The crux of front-line policing has always been officers responding to 911 calls for service.

“That is the core function of their job,” Brown said. “When the computer (inside the cruiser) beeps, you respond to the call, go and address the call. You do what has to be done.”

Driven by self-preservati­on, officers will park their cruisers, with a cup of coffee in hand and simply wait to be deployed.

Decades ago, this would have been a subgroup of officers whose behaviours would have been chalked up to laziness. Now it’s more widespread and is a calculated decision based on individual and colleague experience.

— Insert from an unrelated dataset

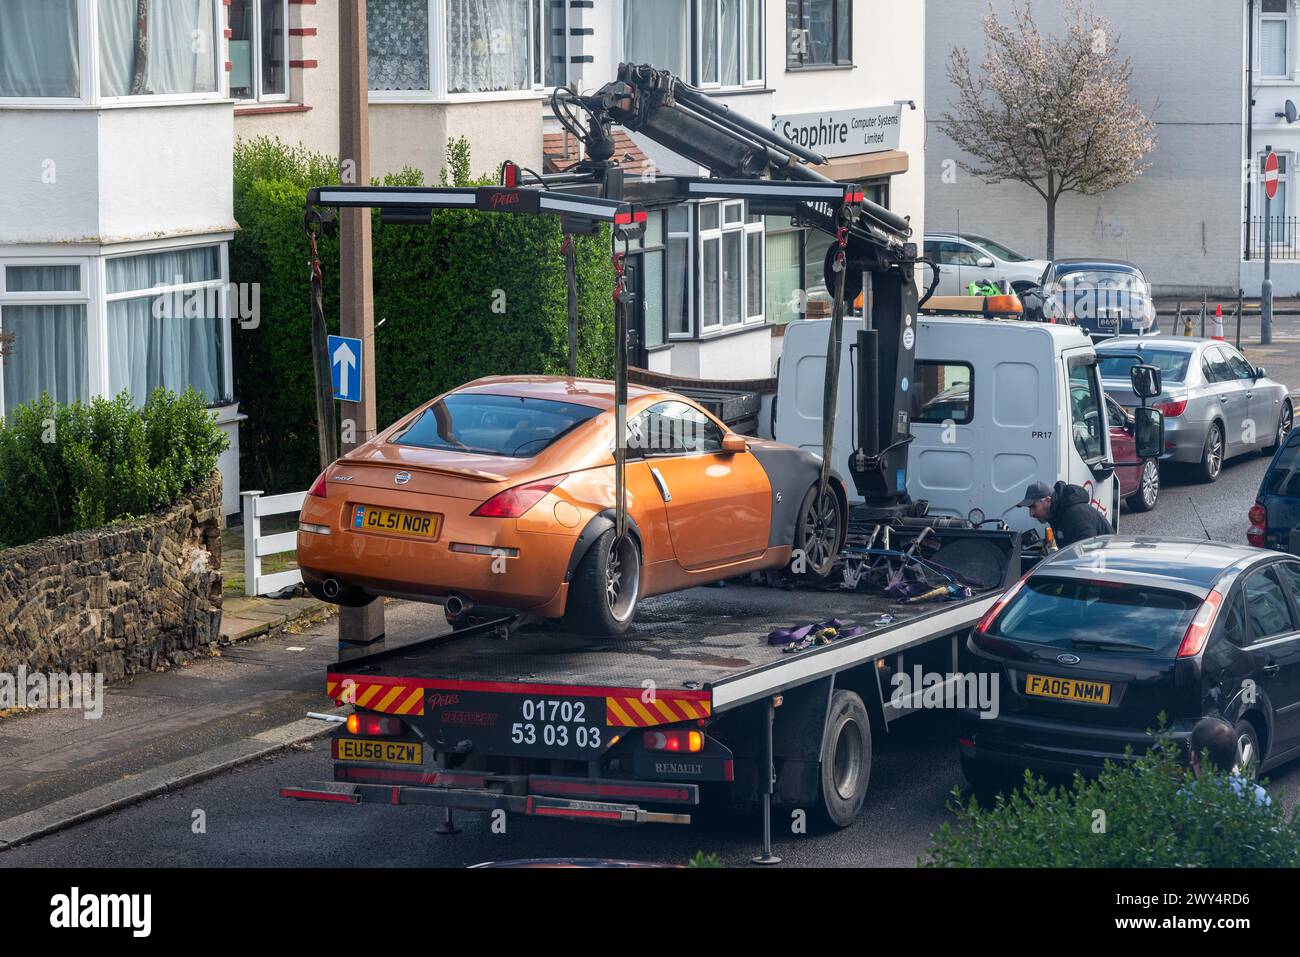 Damaged car being recovered by a breakdown truck in a confined narrow street, Essex, UK Stock Photo
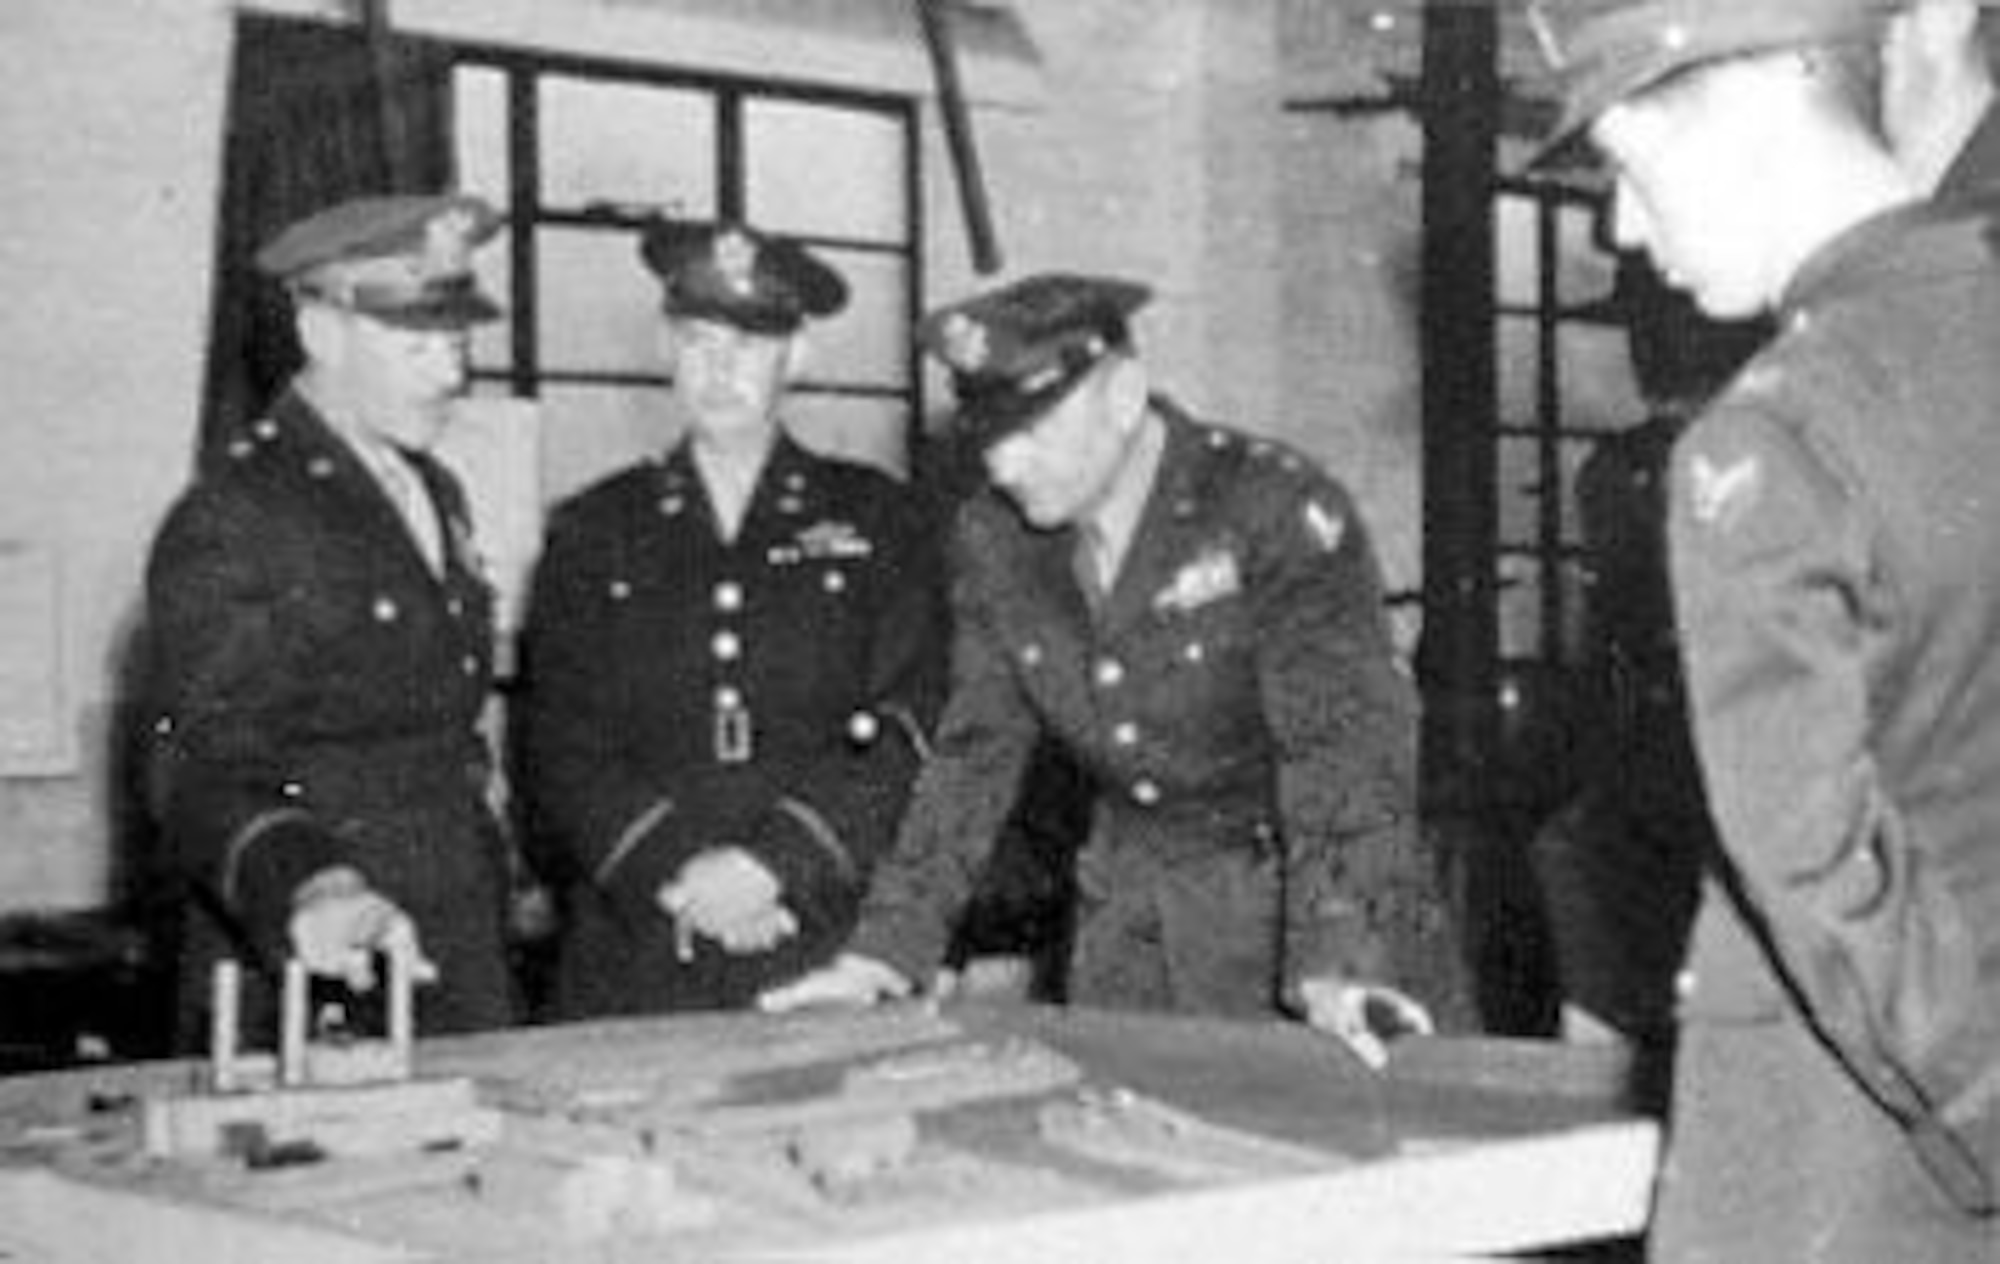 Maj. Gen. Francis S. Brady, Commanding Officer of the B-26 unit that lost all 10 planes on the May 17, 1943, mission, "explains" to Maj. Gen. Ira C. Eaker why none returned to England. They are looking at the same model of the target as the crews in the next photograph. (U.S. Air Force photo)

Others said they drove the speed limit, to “doomsday scenario calls” — where a racialized person might be exhibiting mental health issues and behaving violently. Officers know there will be video taken and they might have to use force and fear the repercussi­ons.

Officers are most likely to de-police situations out of fear of interactin­g with a racialized person or those with mental health issues. The gender and sexuality of members of the public they could interact with also weigh on officers’ minds, but to a much lesser extent.

Ottawa police data on officers’ self-initiated calls and street checks have been steadily declining year over year for a decade, showing that proactive policing is down. The city force recently released data on the number of “regulated interactio­ns” — formerly “street checks” — officers conducted in 2017. New Ontario legislatio­n has regulated a practice that disproport­ionately saw racialized young men being stopped by police and asked for their personal informatio­n.

Brown called it a “confluence of two different factors” — new legislatio­n that brings with it a marked change in protocol that officers are reluctant to adopt and the same cost-benefit analysis that officers have been increasing­ly weighing with any type of proactive policing.

“There’s really no way to police de-policing,” Brown said.